Your goal. Beneath this instruction is a block of data; output from it exactly the lines that run from the one containing "Nomad Insurance versus Nomad Health" through the one containing "Sherlock Holmes Deluxe", inclusive.

Exercise input.
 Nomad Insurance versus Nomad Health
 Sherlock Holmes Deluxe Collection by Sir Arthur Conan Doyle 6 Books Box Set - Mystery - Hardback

==

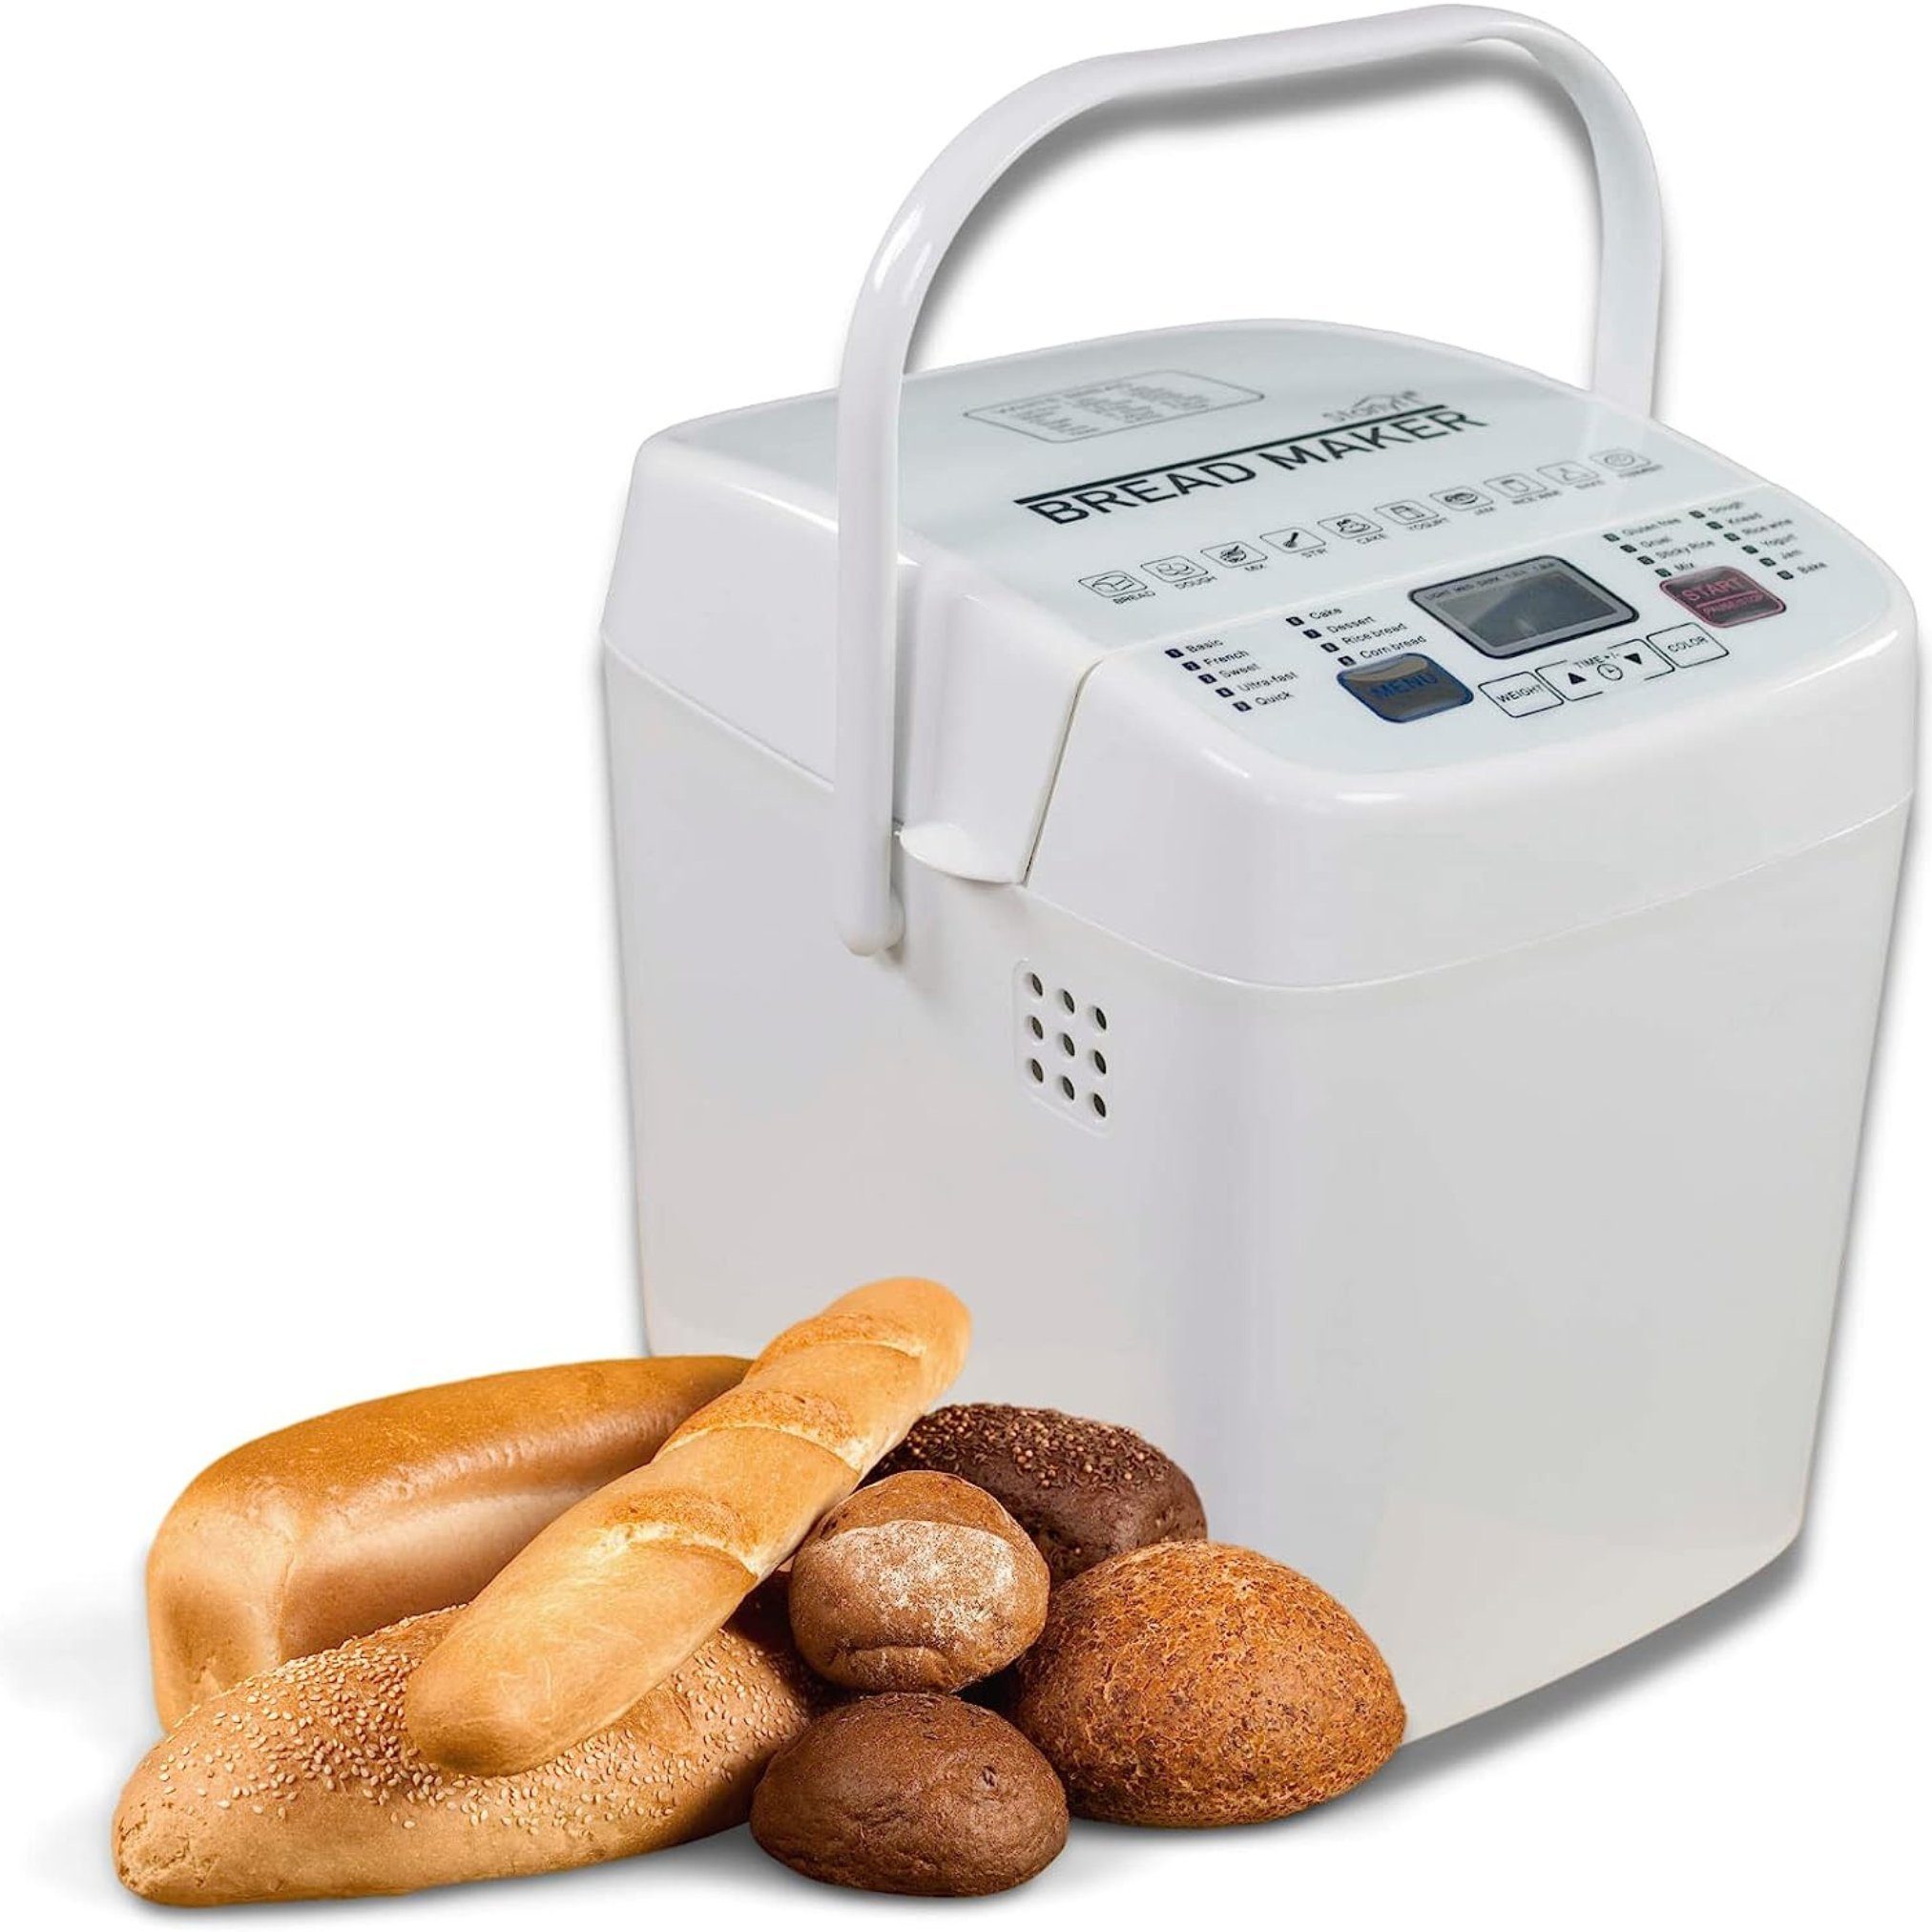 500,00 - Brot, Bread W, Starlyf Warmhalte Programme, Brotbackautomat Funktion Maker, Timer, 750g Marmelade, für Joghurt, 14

Answer.
 Nomad Insurance versus Nomad Health
 Sherlock Holmes Deluxe Collection by Sir Arthur Conan Doyle 6 Books Box Set - Mystery - Hardback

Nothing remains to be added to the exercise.